• ACTIVITY
Restate exactly the lines below, from the one containing "Teatteridiiva ja harjoituspari" through the final line, and leave out the pictures.

• GIVEN DATA

****************************************

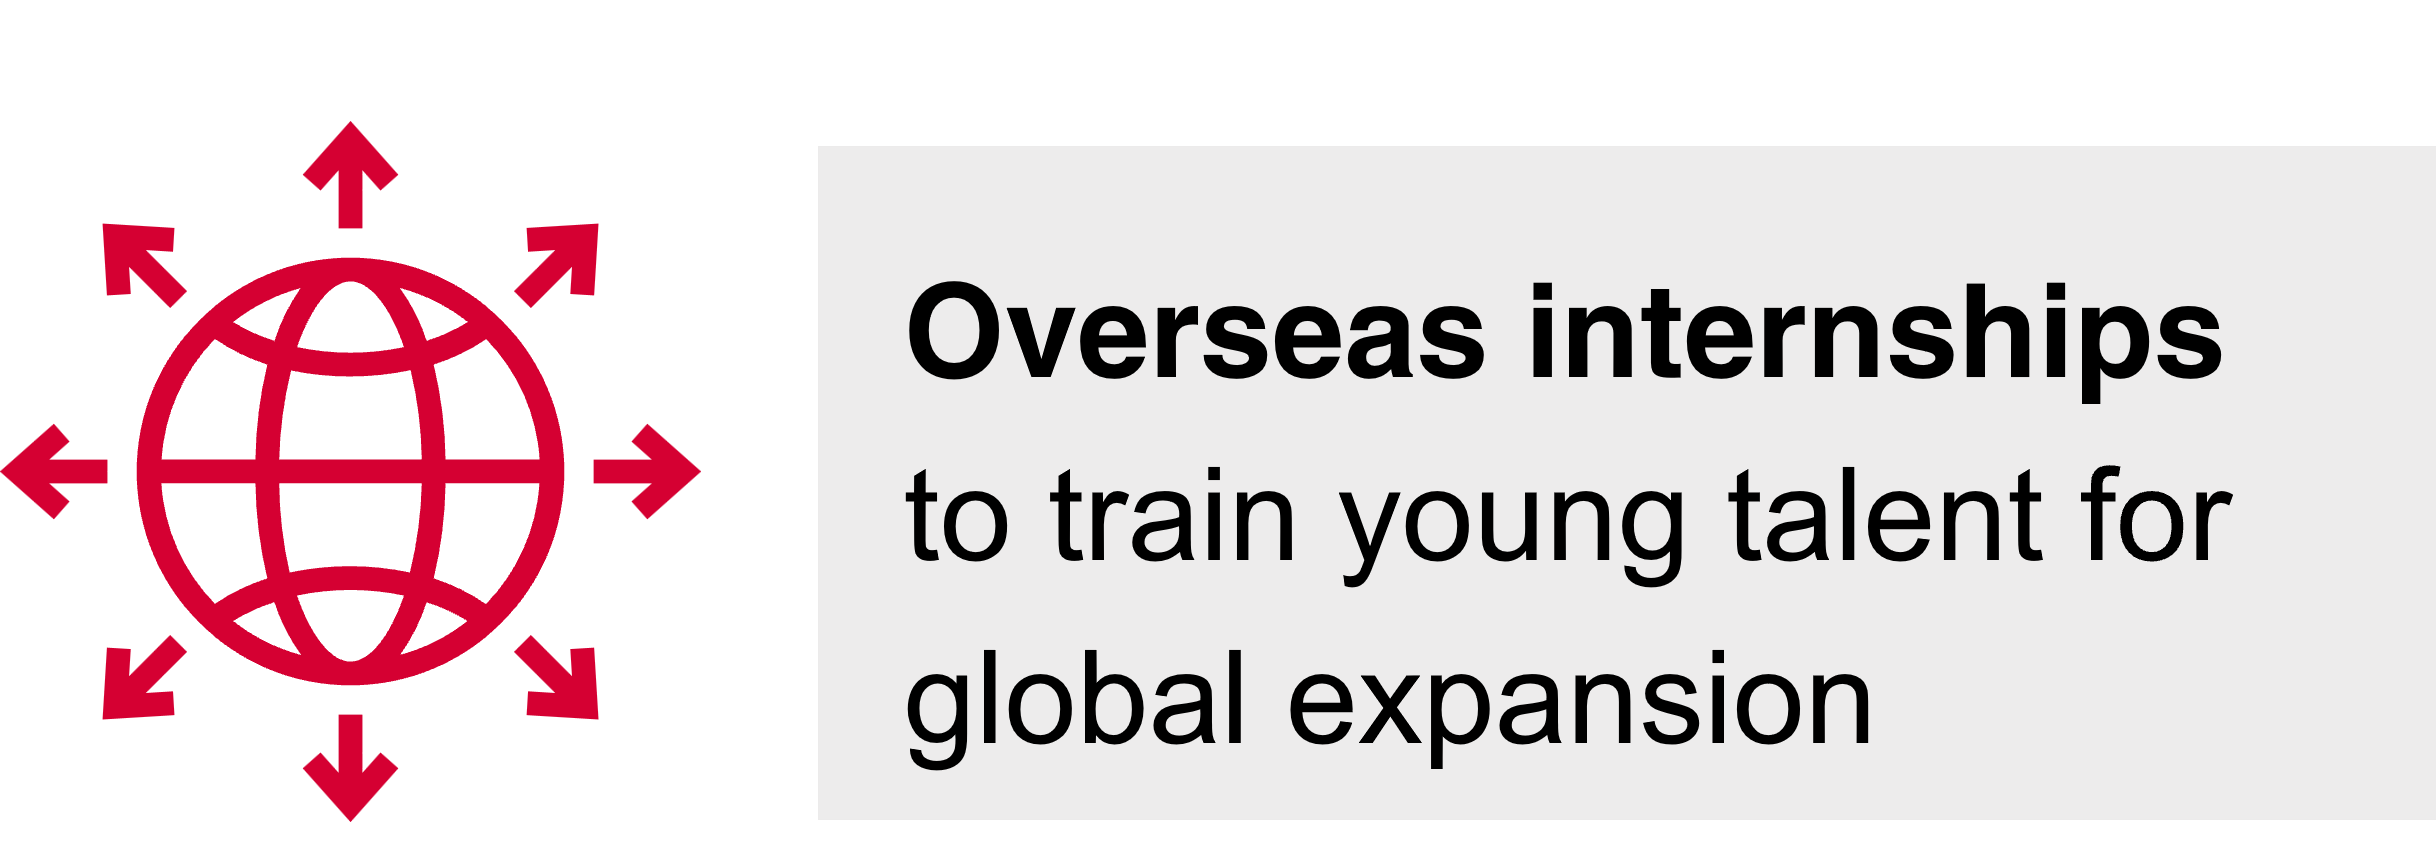 Overseas internships
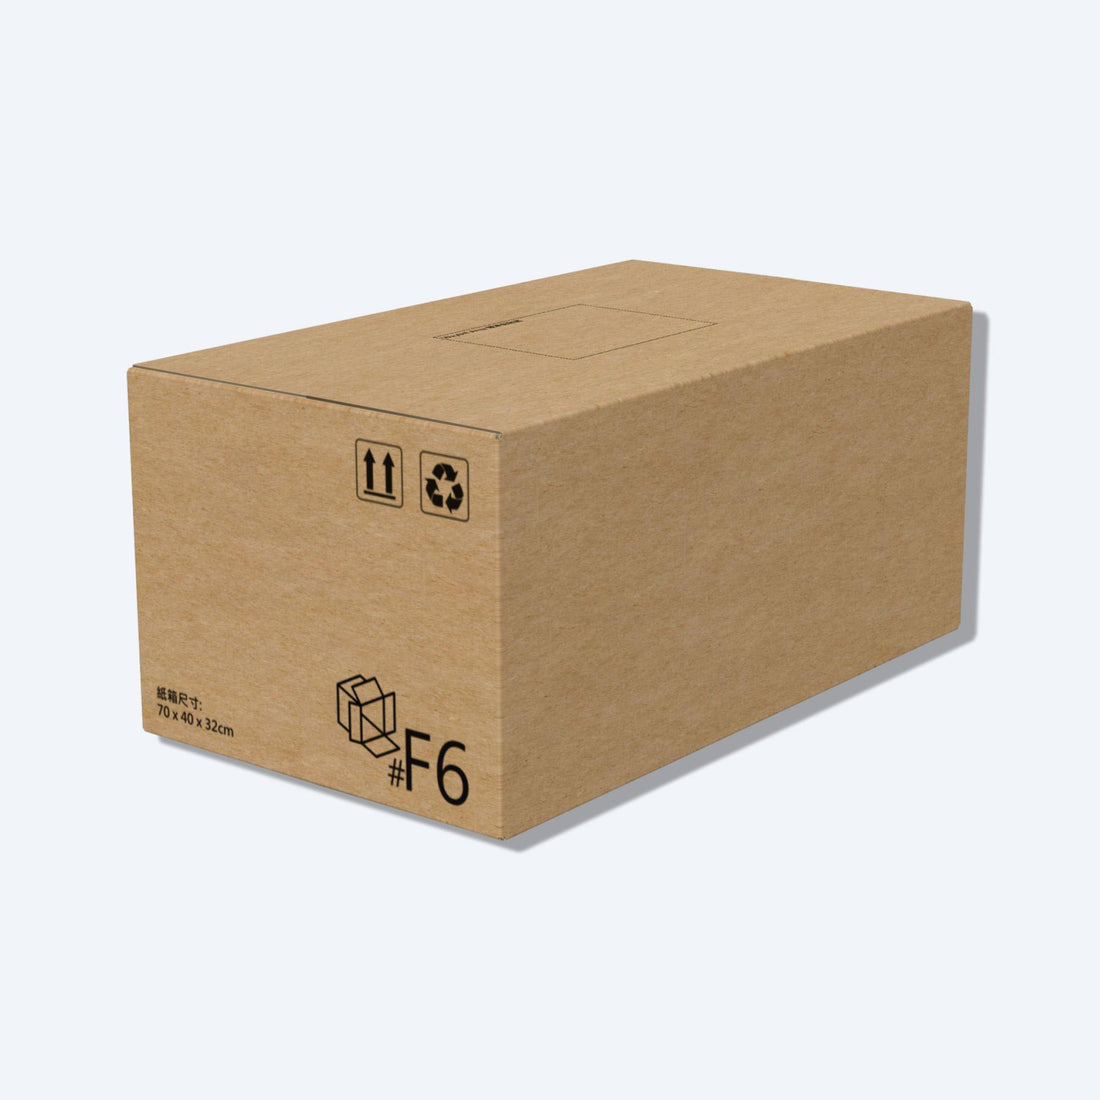 順豐F6尺寸紙箱展開圖，其尺寸符合順豐速運的包裝標準，展示折疊和組裝方式。
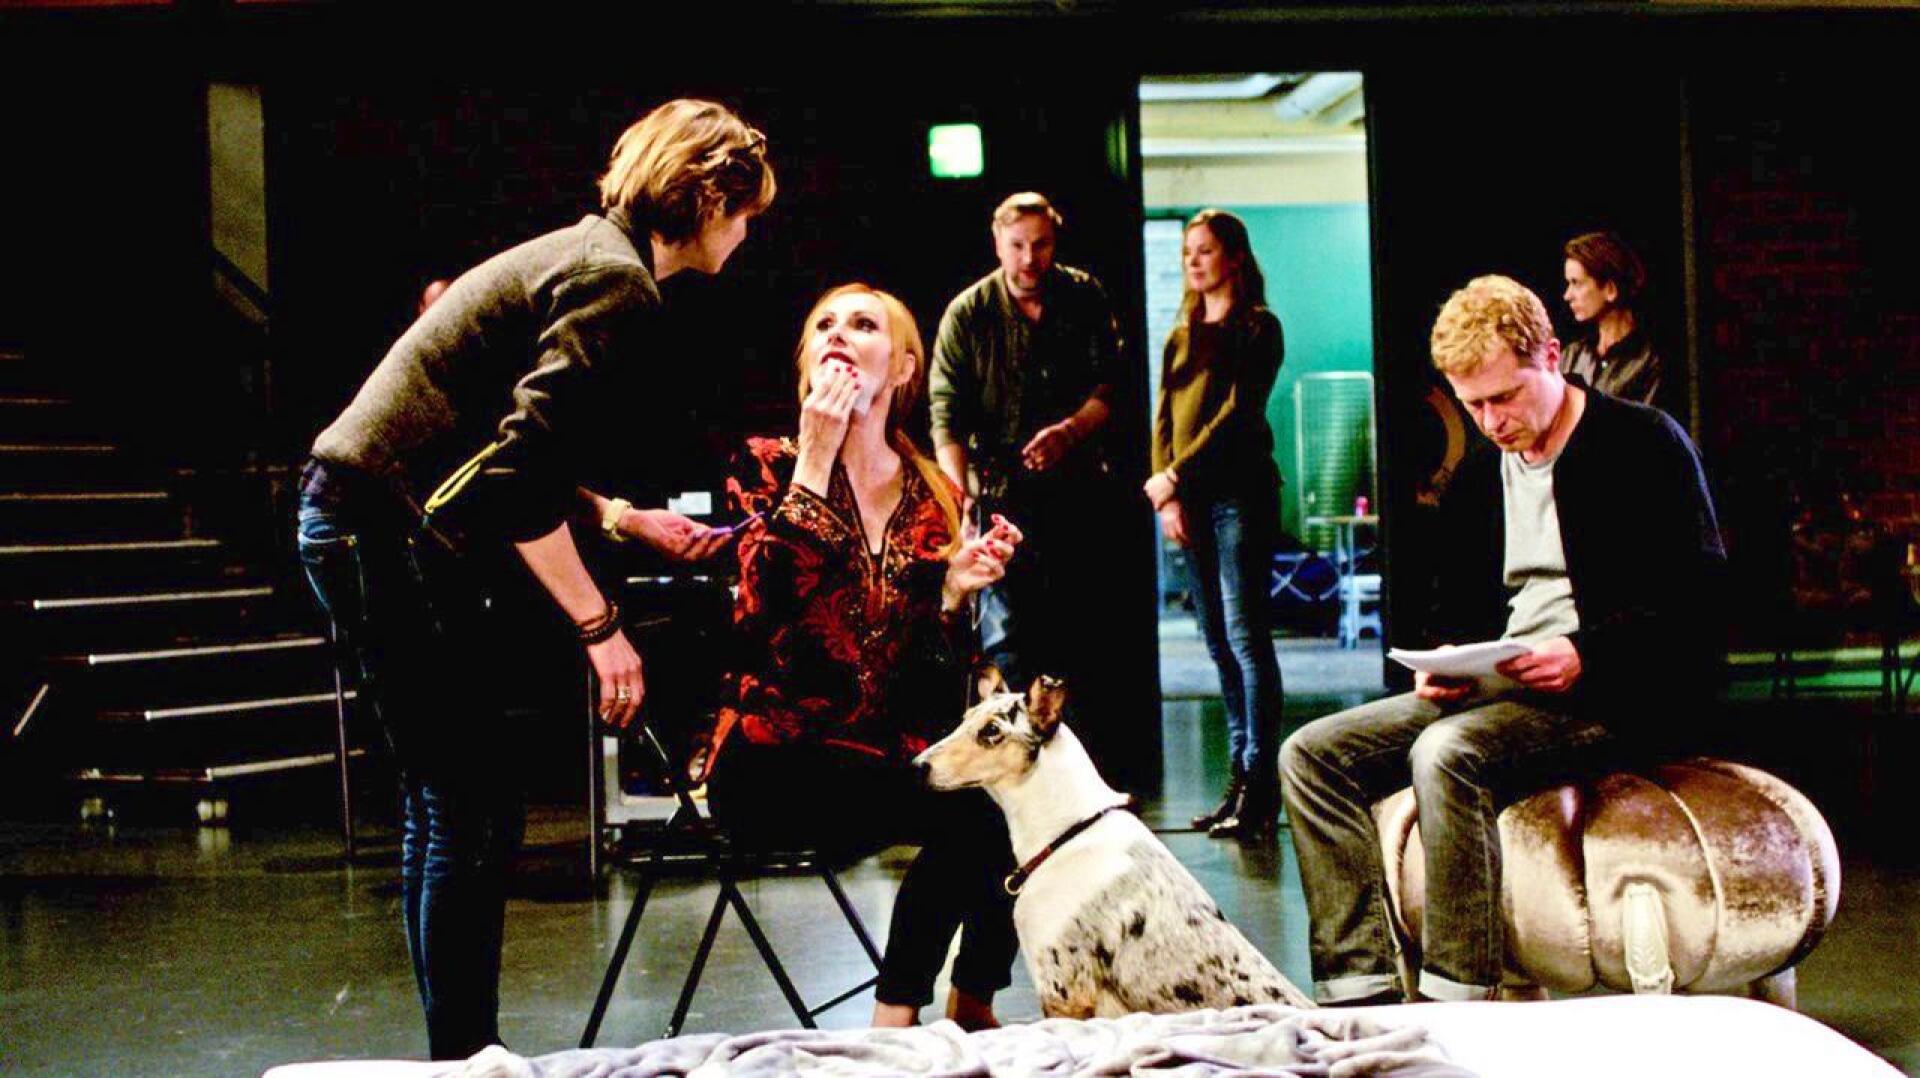 Teatteridiiva ja harjoituspari (Andrea Sawatzki ja Andreas Lust keskellä) sekoittavat näytelmän televisiosovituksen ohjaamisen. 
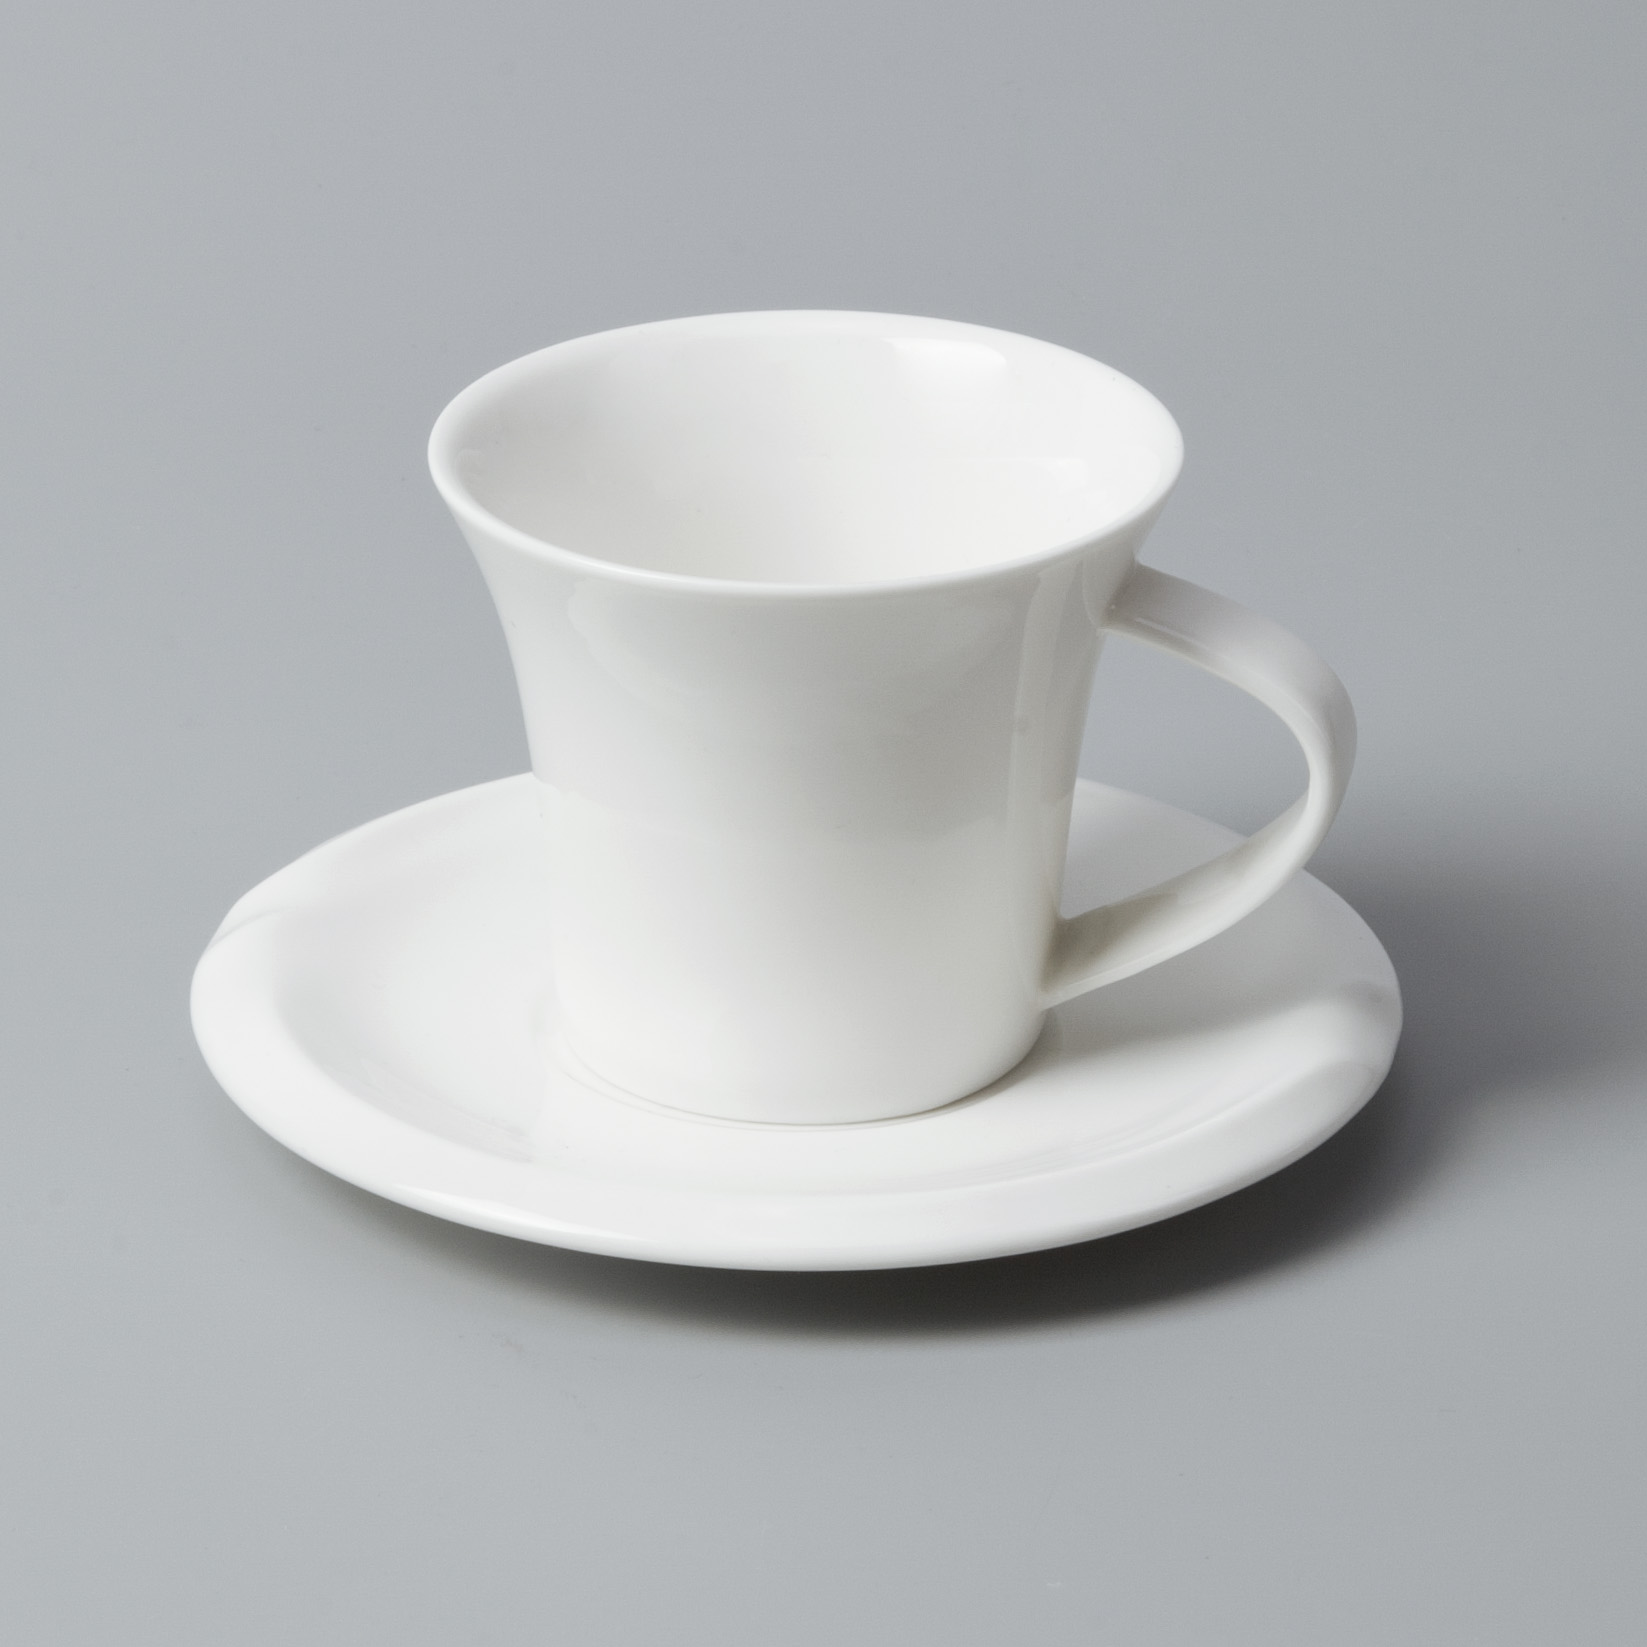 sample fine ceramic dinnerware stock for dinning room Two Eight-7

****************************************

• WRITTEN RESPONSE
 Teatteridiiva ja harjoituspari (Andrea Sawatzki ja Andreas Lust keskellä) sekoittavat näytelmän televisiosovituksen ohjaamisen. 
 sample fine ceramic dinnerware stock for dinning room Two Eight-7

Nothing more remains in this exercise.